### Task statement
An exact copy of all the data is required, with pictures left out.

### Stored data

Content starts

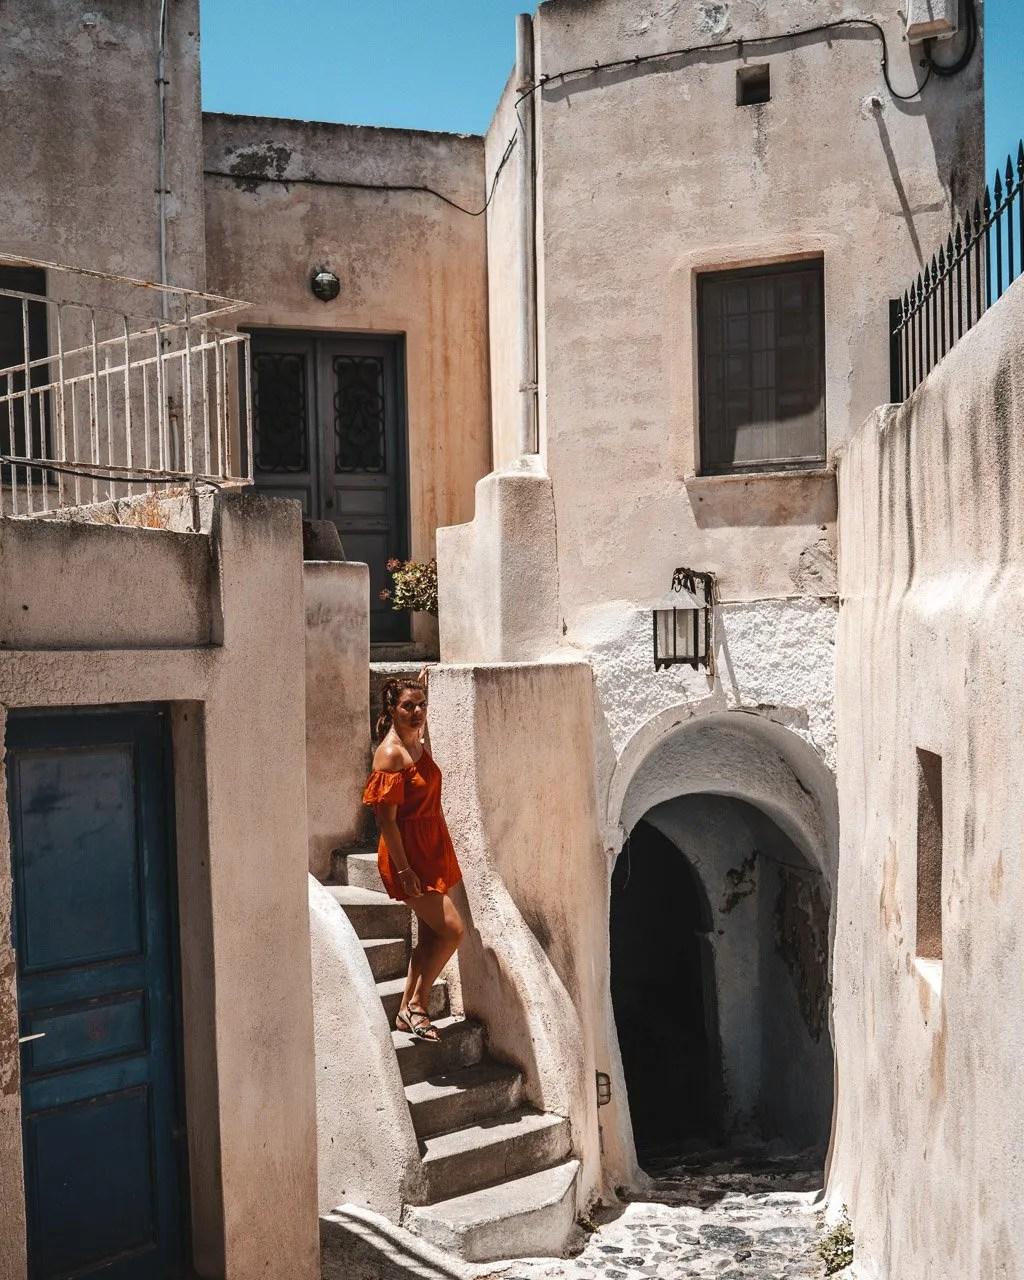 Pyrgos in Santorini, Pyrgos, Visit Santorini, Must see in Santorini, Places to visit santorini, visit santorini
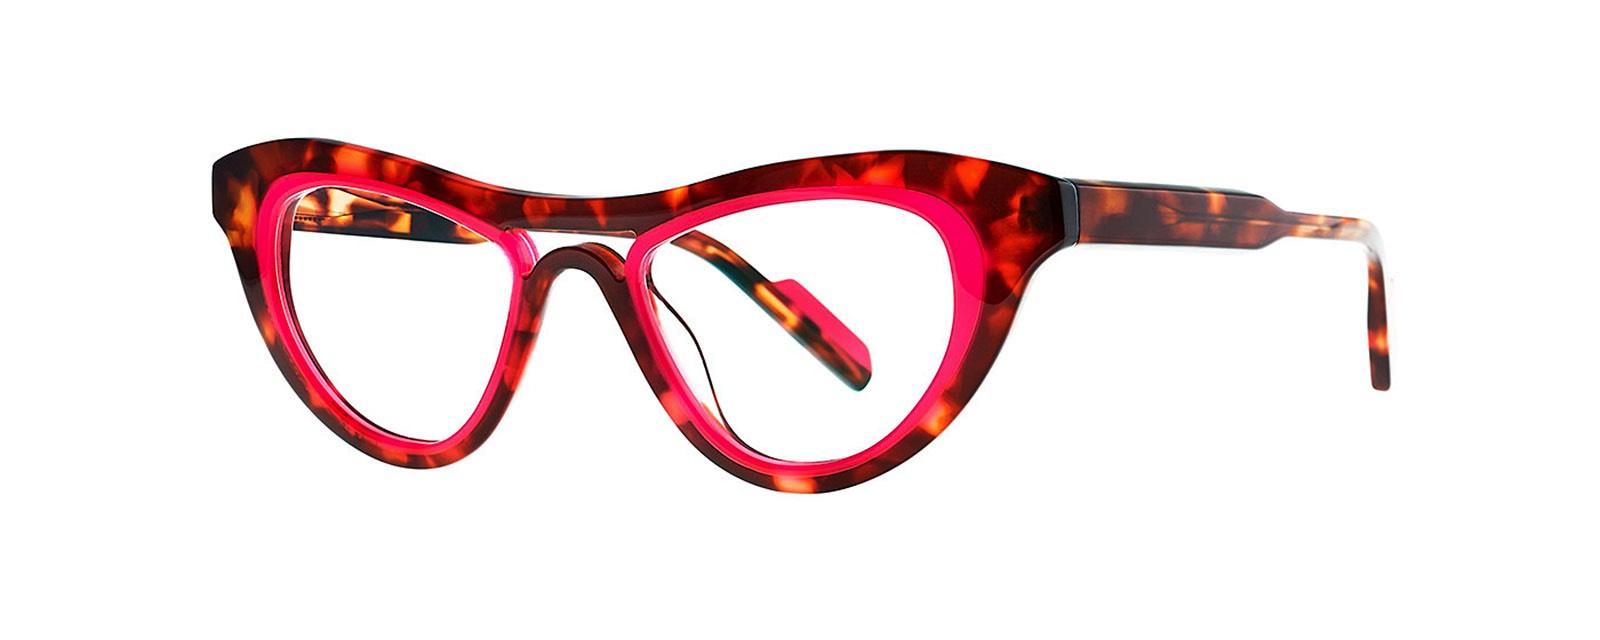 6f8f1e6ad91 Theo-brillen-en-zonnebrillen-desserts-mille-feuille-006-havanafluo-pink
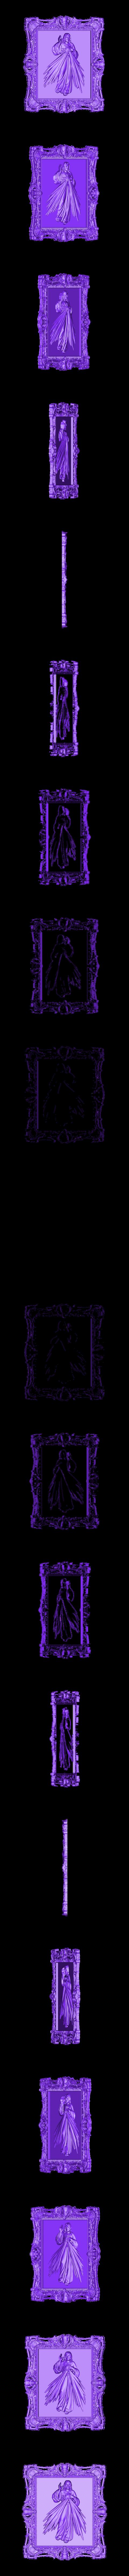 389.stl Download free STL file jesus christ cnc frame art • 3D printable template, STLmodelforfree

Content ends

### Exercise answer
 Pyrgos in Santorini, Pyrgos, Visit Santorini, Must see in Santorini, Places to visit santorini, visit santorini
 6f8f1e6ad91 Theo-brillen-en-zonnebrillen-desserts-mille-feuille-006-havanafluo-pink
 389.stl Download free STL file jesus christ cnc frame art • 3D printable template, STLmodelforfree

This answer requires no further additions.